RandomSelectPolicy class

class easyjailbreak.selector.RandomSelector.RandomSelectPolicy(Datasets: JailbreakDataset)

A selection policy that randomly selects an instance from a JailbreakDataset. It extends the SelectPolicy abstract base class, providing a concrete implementation for the random selection strategy.

select() → JailbreakDataset

Selects an instance randomly from the dataset and increments its visited count.

Return ~JailbreakDataset:: The randomly selected instance from the dataset.

MCTSExploreSelectPolicy

MCTSExploreSelectPolicy class

class easyjailbreak.selector.MCTSExploreSelectPolicy.MCTSExploreSelectPolicy(dataset, inital_prompt_pool, Questions, ratio=0.5, alpha=0.1, beta=0.2)

This class implements a selection policy based on the Monte Carlo Tree Search (MCTS) algorithm.

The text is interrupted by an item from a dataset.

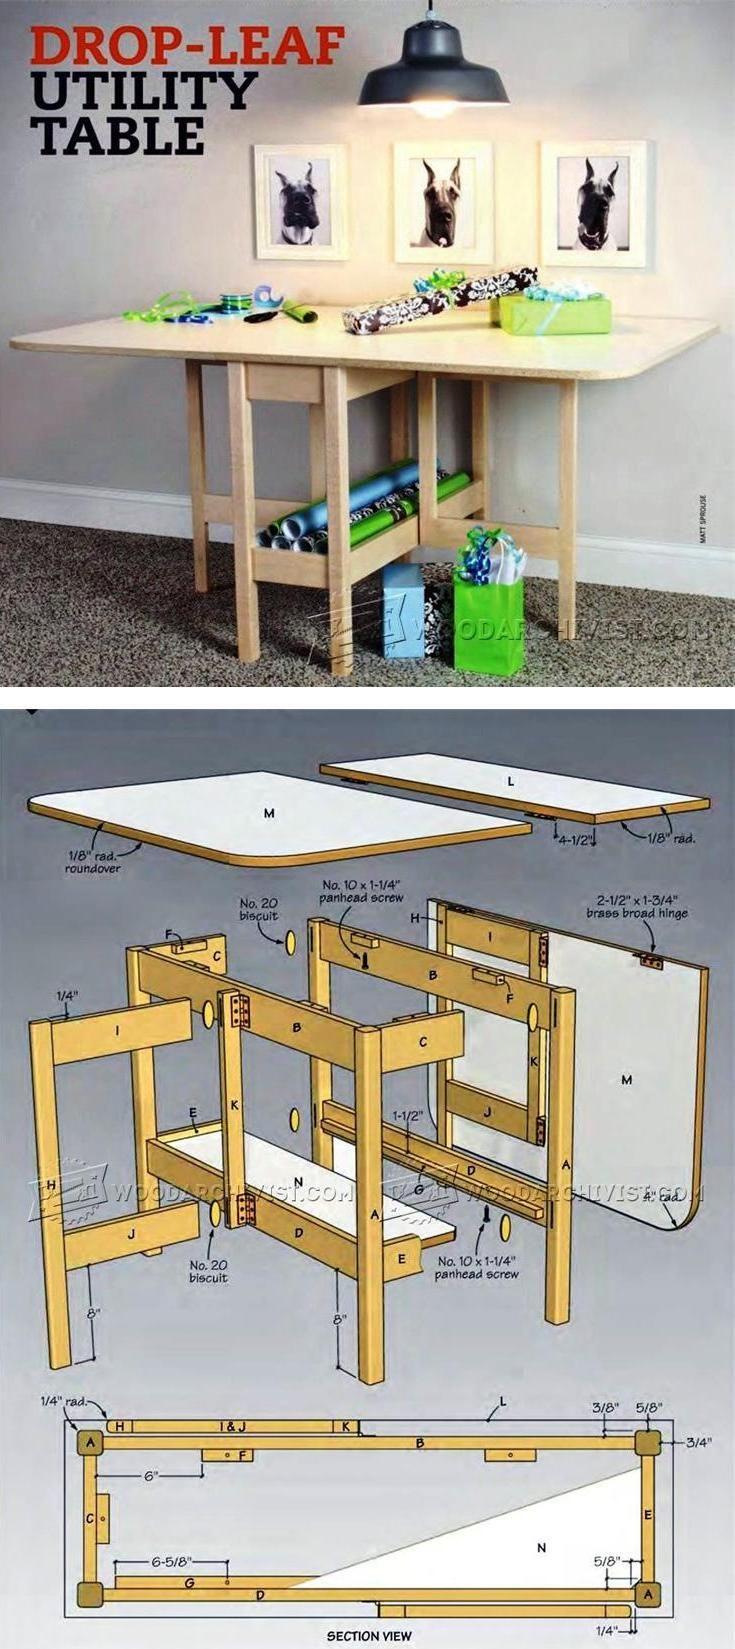 Drop Leaf Table Plans - Furniture Plans and Projects | WoodArchivist ...

It is designed to explore and exploit a dataset of instances for effective jailbreaking of LLMs.

select() → Instance

Selects an instance from the dataset using MCTS algorithm.

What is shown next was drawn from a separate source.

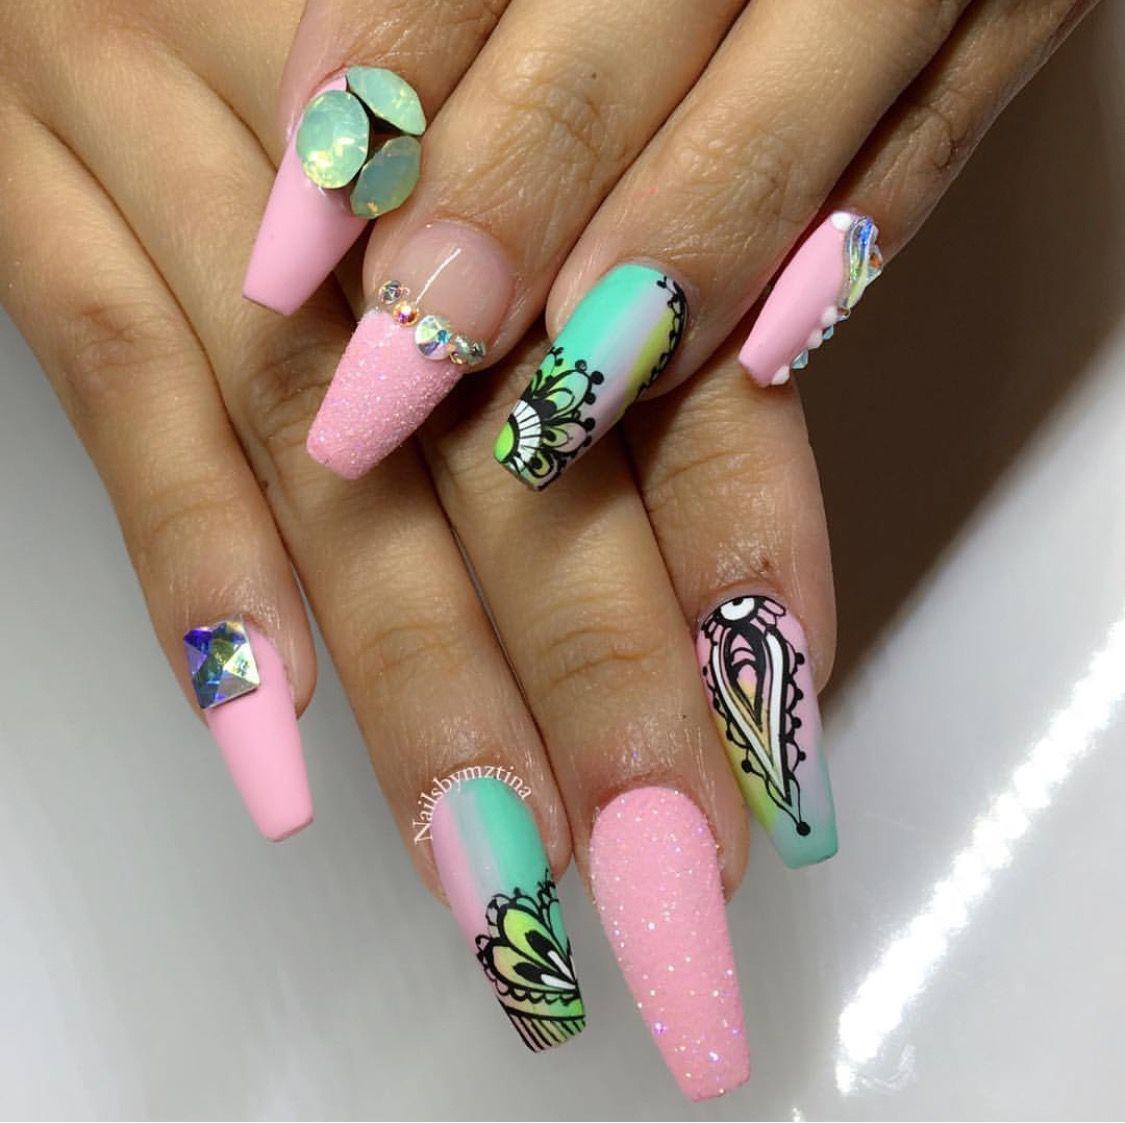 Pin by Alissa Spak on nail salon   Pinterest   Nail salons and Salons

Return ~JailbreakDataset:: The selected instance from the dataset.

update(prompt_nodes: JailbreakDataset)

Updates the weights of nodes in the MCTS tree based on their performance.

Parameters:: prompt_nodes (~JailbreakDataset) – Dataset of prompt nodes to update.

EXP3SelectPolicy

EXP3SelectPolicy class

class easyjailbreak.selector.EXP3SelectPolicy.EXP3SelectPolicy(Dataset: JailbreakDataset, energy: float = 1.0, gamma: float = 0.05, alpha: float = 25)

A selection policy based on the Exponential-weight algorithm for Exploration and Exploitation (EXP3). This policy is designed for environments with adversarial contexts, balancing between exploring new instances and exploiting known rewards in a JailbreakDataset.

initial(): Initializes or resets the weights and probabilities for each instance in the dataset.

select() → Instance

Selects an instance from the dataset based on the EXP3 algorithm.

Return ~JailbreakDataset:: The selected instance from the dataset.

update(prompt_nodes: JailbreakDataset)

Updates the weights of the last chosen instance based on the success of the prompts.

Parameters:: prompt_nodes (~JailbreakDataset) – The dataset containing prompts used for updating weights.

ReferenceLossSelector

class easyjailbreak.selector.ReferenceLossSelector.ReferenceLossSelector(model: WhiteBoxModelBase, batch_size=None, is_universal=False)

This class implements a selection policy based on the reference loss. It selects instances from a set of parents based on the minimum loss calculated on their reference target, discarding others.

select(dataset) → JailbreakDataset

Selects instances from the dataset based on the calculated reference loss.

Parameters:: dataset (~JailbreakDataset) – The dataset from which instances are to be selected.
Return ~JailbreakDataset:: A new dataset containing selected instances with minimum reference loss.